>>

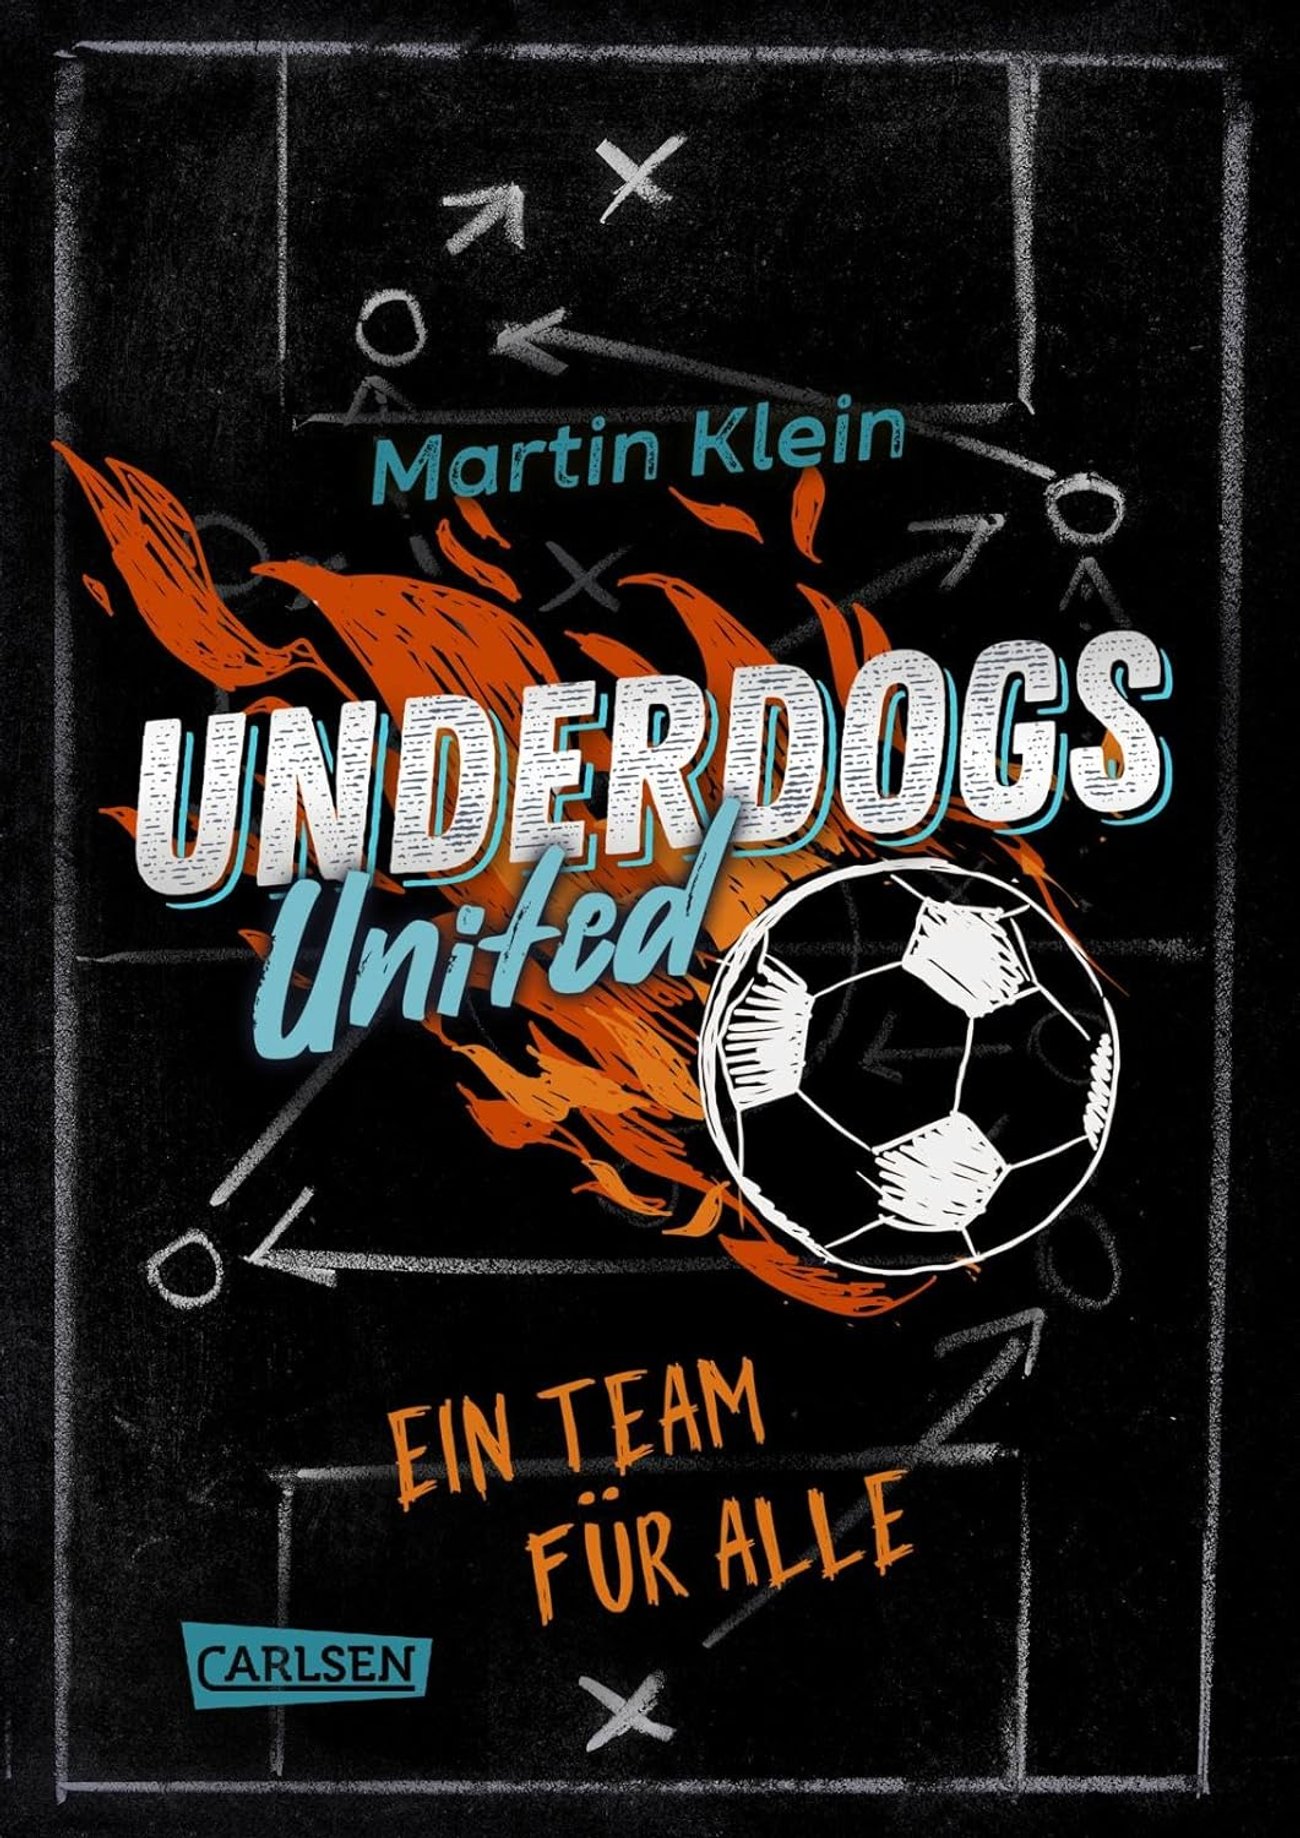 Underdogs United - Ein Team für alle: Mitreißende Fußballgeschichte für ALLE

<<
>>

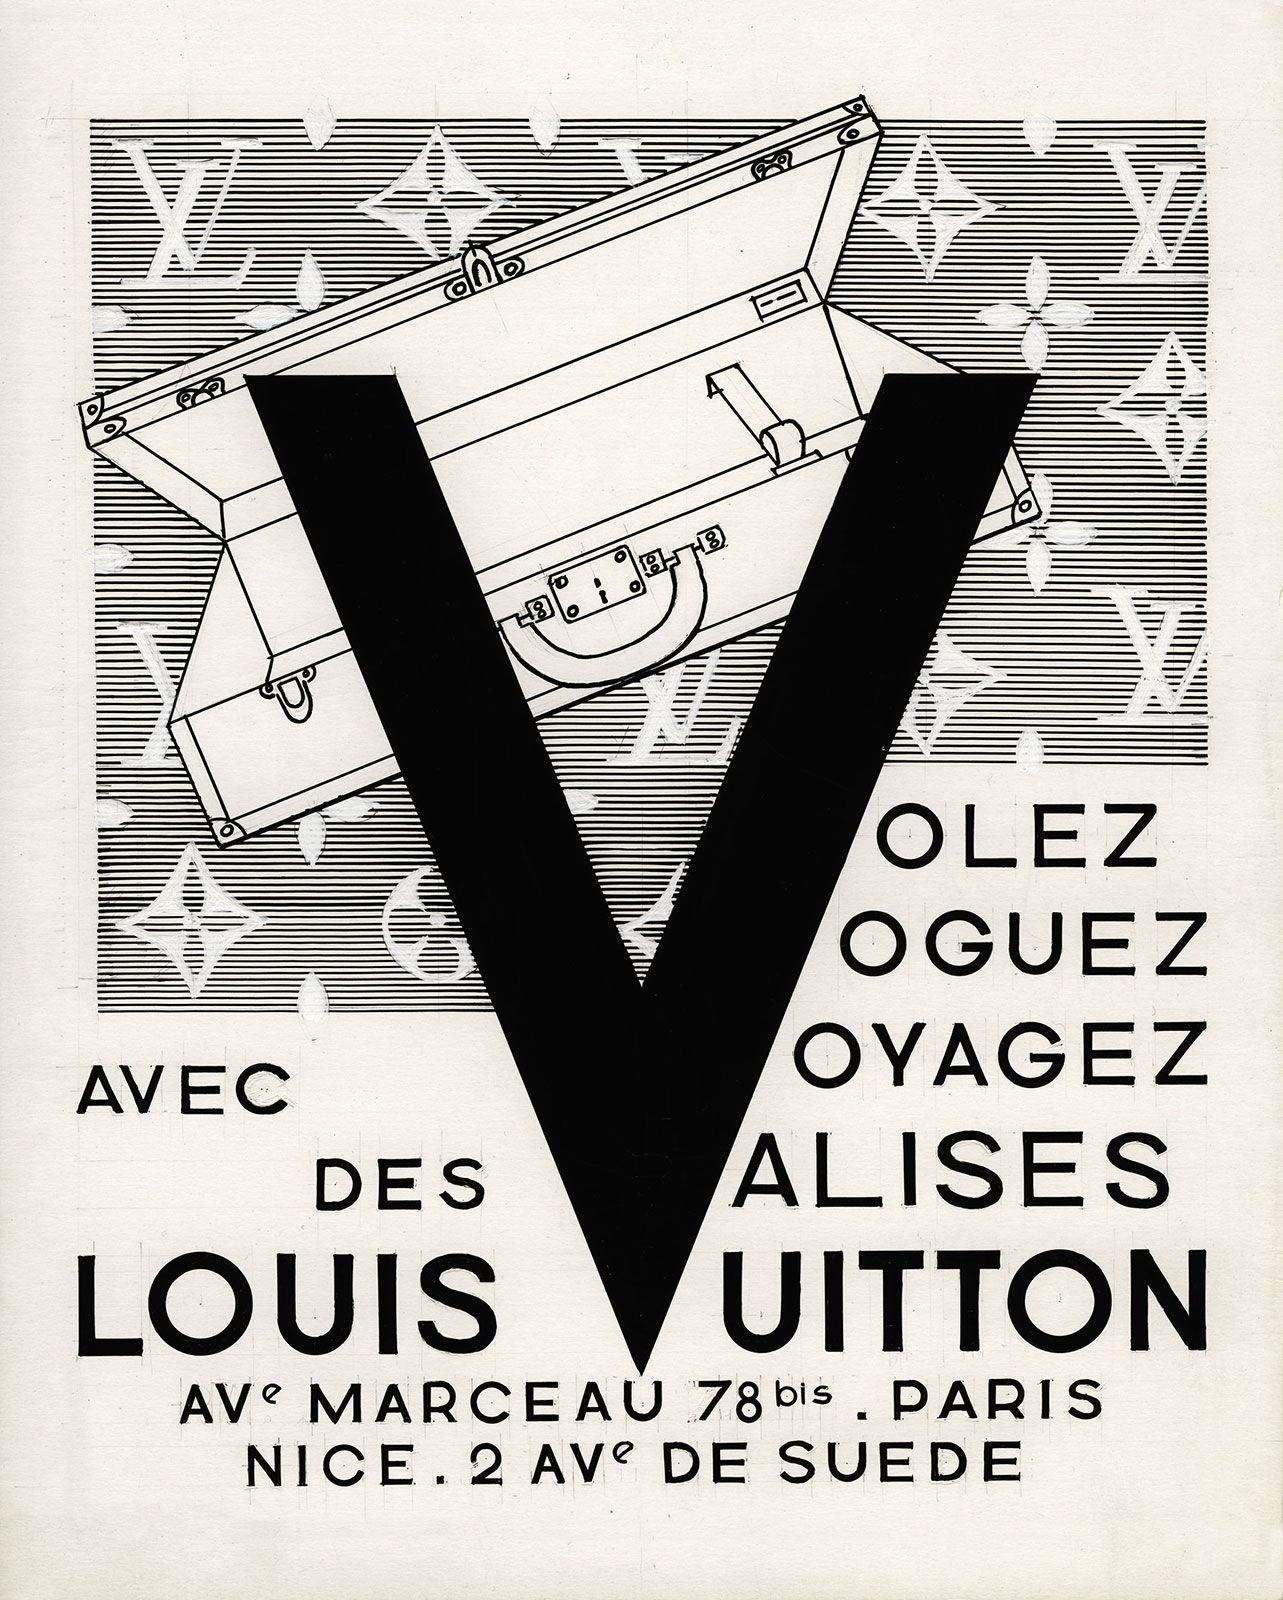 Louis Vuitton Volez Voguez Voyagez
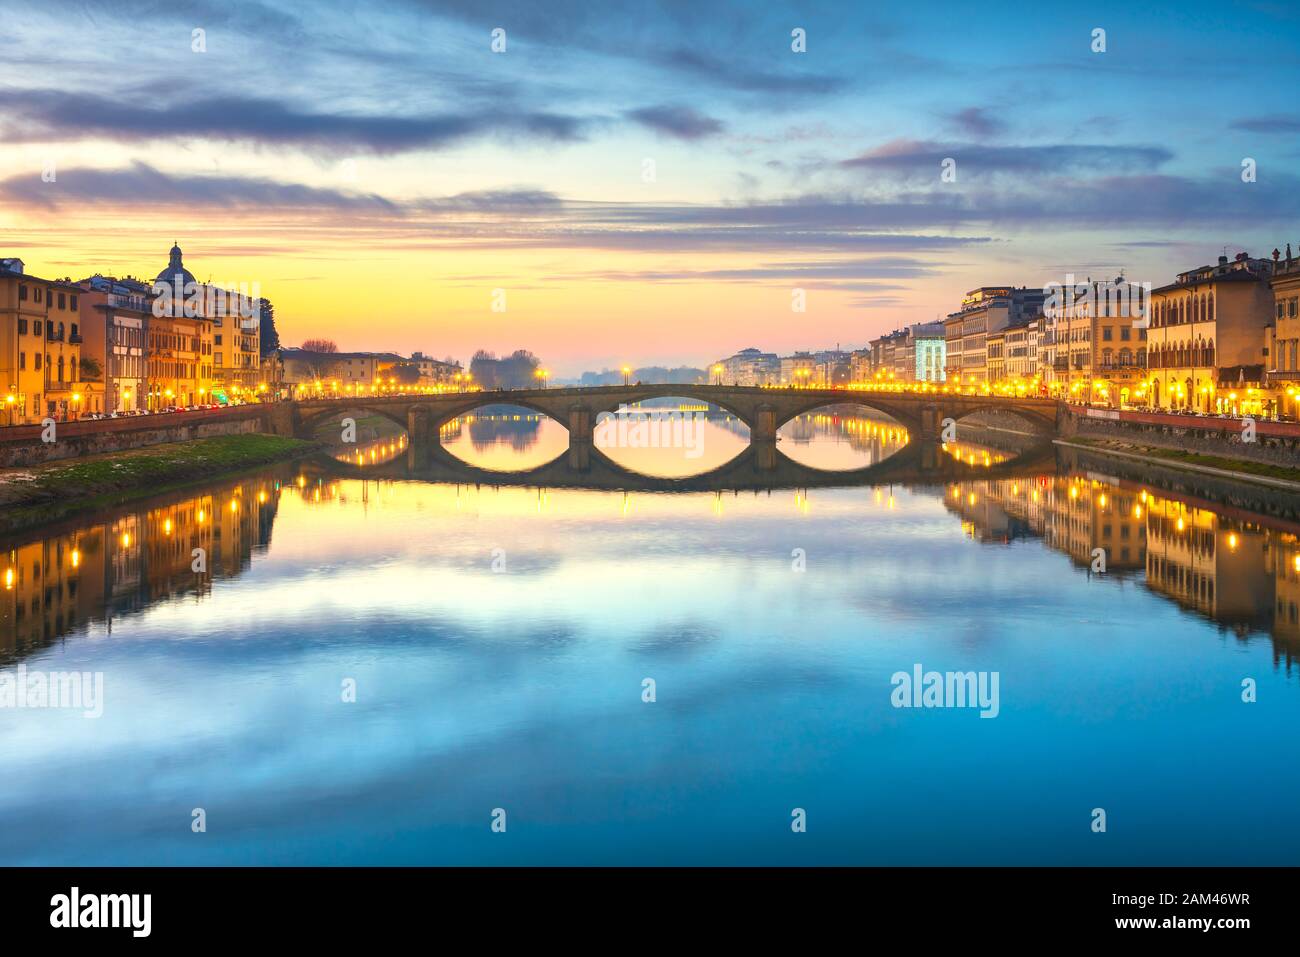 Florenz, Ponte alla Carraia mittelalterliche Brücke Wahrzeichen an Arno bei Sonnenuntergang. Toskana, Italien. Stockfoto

<<

Directions for this task: Within the entries above, the lines from the one containing "Louis Vuitton Volez Voguez Voyagez" through the one containing "Florenz, Ponte alla" are to be transcribed exactly, ends included, pictures excluded.

Task answer:
 Louis Vuitton Volez Voguez Voyagez
 Florenz, Ponte alla Carraia mittelalterliche Brücke Wahrzeichen an Arno bei Sonnenuntergang. Toskana, Italien. Stockfoto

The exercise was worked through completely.